Post by Minimalist »

As I recall from "The Bible Unearthed," Ron, Professor Finkelstein makes the case that writing ( which begins with a need for record-keeping ) is a marker in the development of a true state.

To grossly oversimplify, once someone's domain reaches the point where he can't see it in the course of an afternoon's ride a means must be devised for him to keep track of his property. Finkelstein's area of expertise is the ANE where political entities were tiny in comparison to the Americas so, yes, surely the Inca would have had some system of writing or at least notation.

In the Ancient Near East we have examples of cuneiform being carved in clay tablets which when baked become more or less permanent. In addition we had them writing on ostraka, again fired clay which does not degrade. Writing on parchment or papyrus can survive to a degree depending on conditions but humidity is the enemy of organic writing media. The trick is, what media did the Inca use and was it biodegradable or not? I don't know enough about the quipu to even speculate although it seems like a fairly cumbersome means of telling someone how many pounds of potatoes they have in a warehouse.
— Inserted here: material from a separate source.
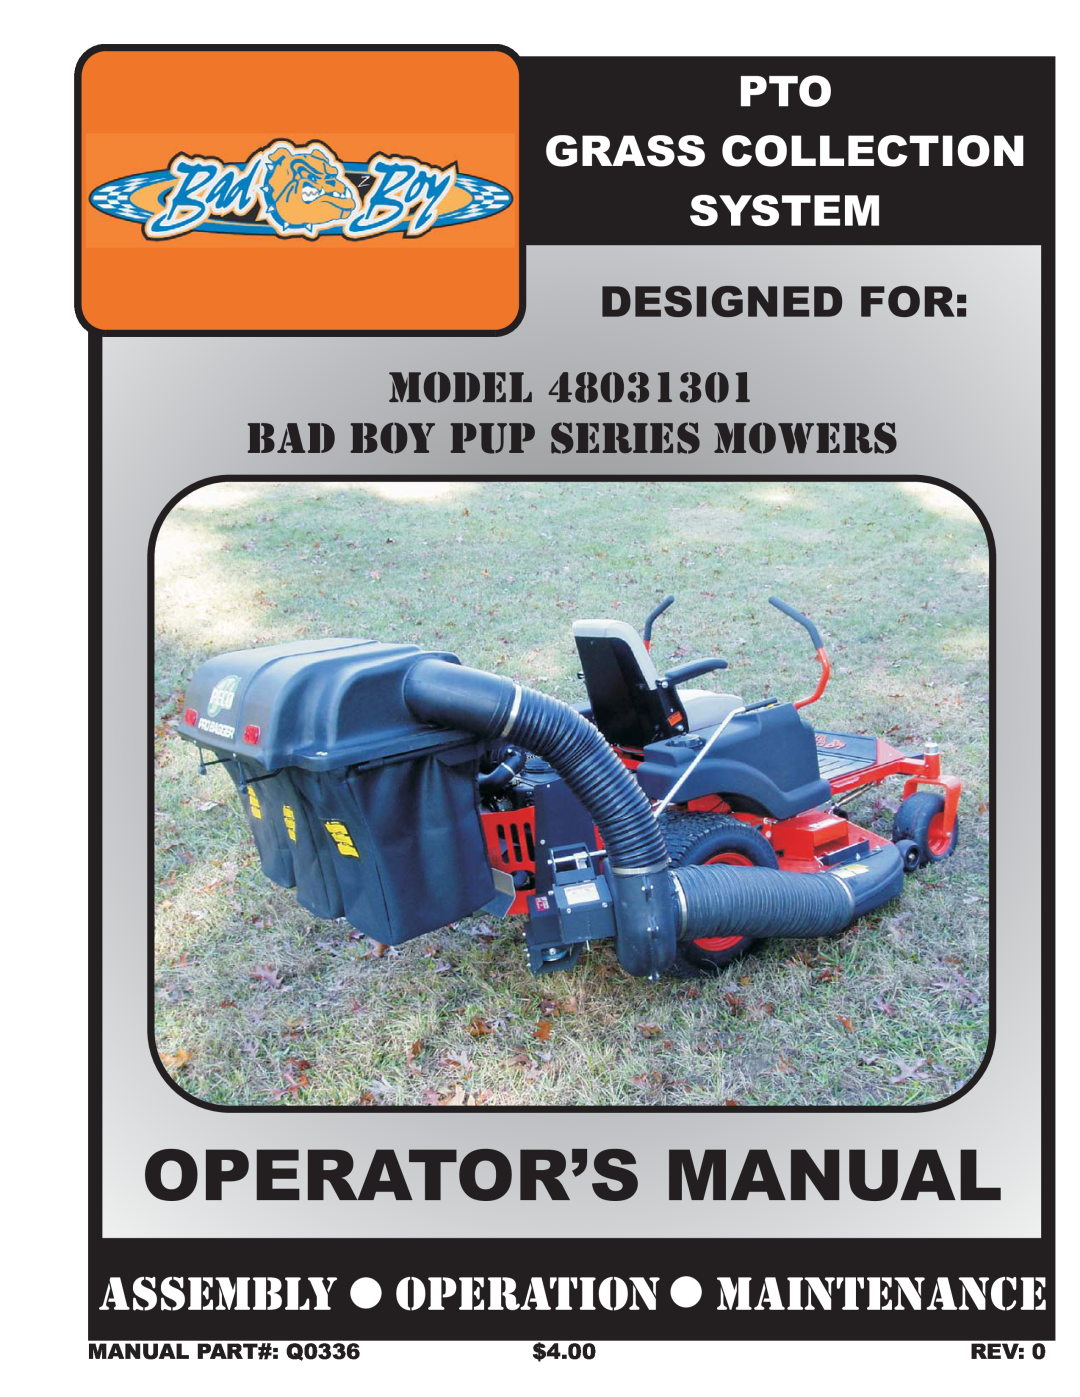 Bad Boy Mowers 48031301 manual Designed For, MANUAL PART# Q0336, $4.00, Rev, Operator’S Manual 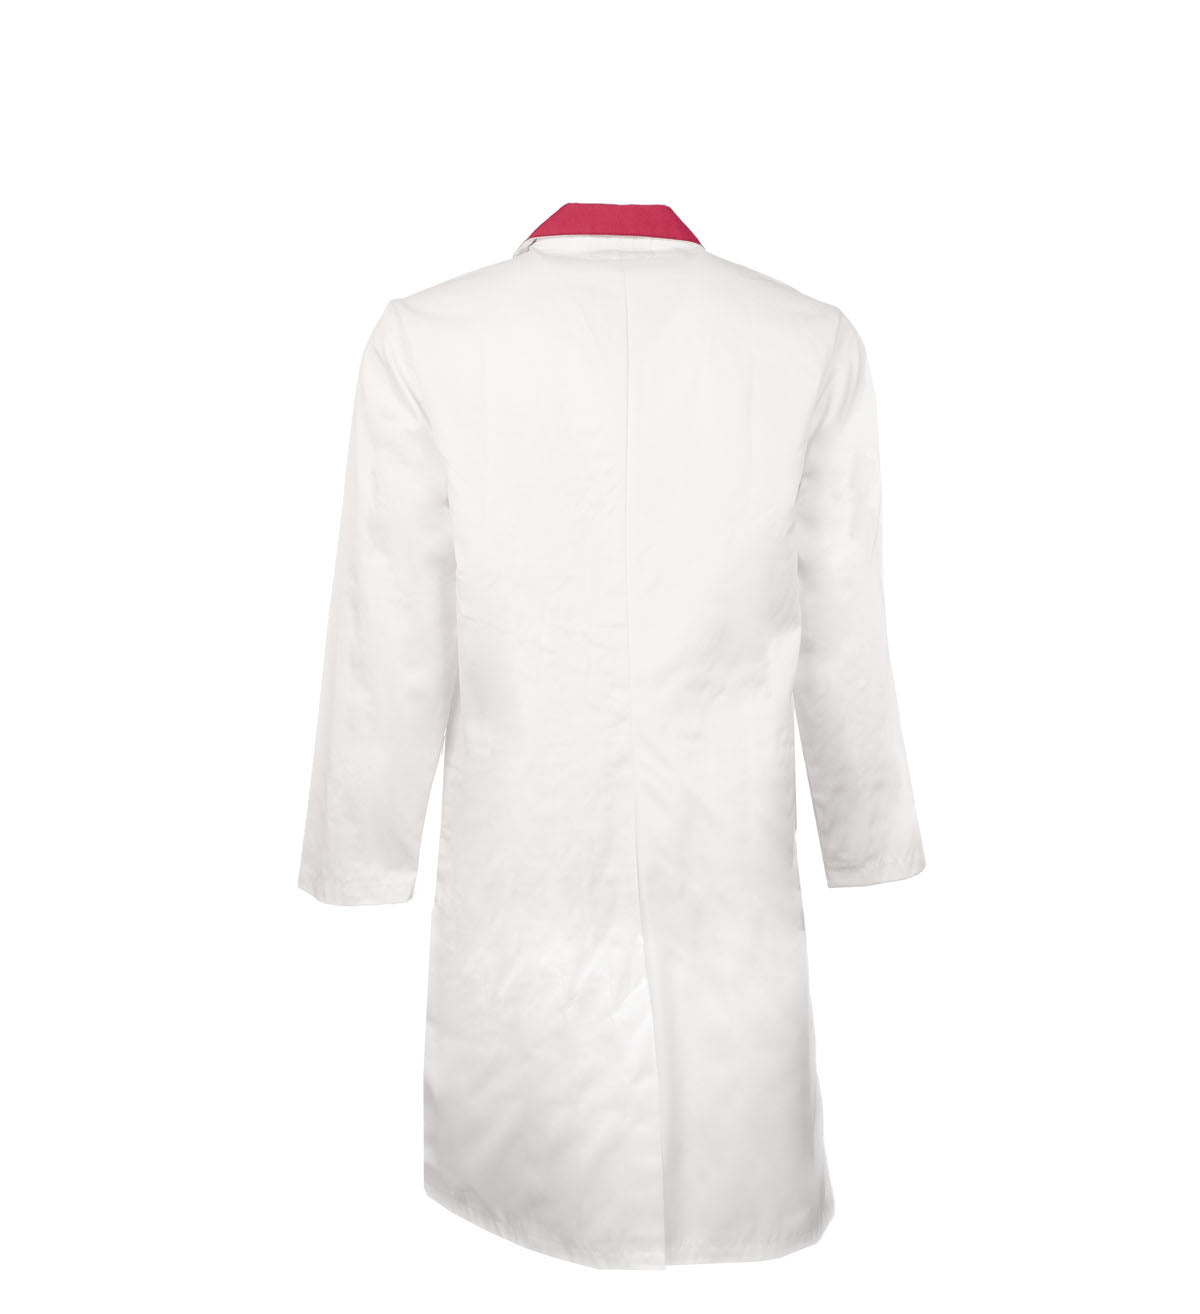 Sarrau avec trois poches intérieure Premium Uniforms #6023 blanc dos

In any case literacy was not widespread and did not need to be. One scribe writes to another who reads it and writes back whatever is dictated to him. One scribe in the king's household and one with each of his commanders or administrators would pretty much do it.

I will admit that the image of one breathless runner staggering in to deliver a verbal message to another and expecting it to be unchanged is amusing. Frankly, it has all the earmarks of a tale told to impress the Spanish.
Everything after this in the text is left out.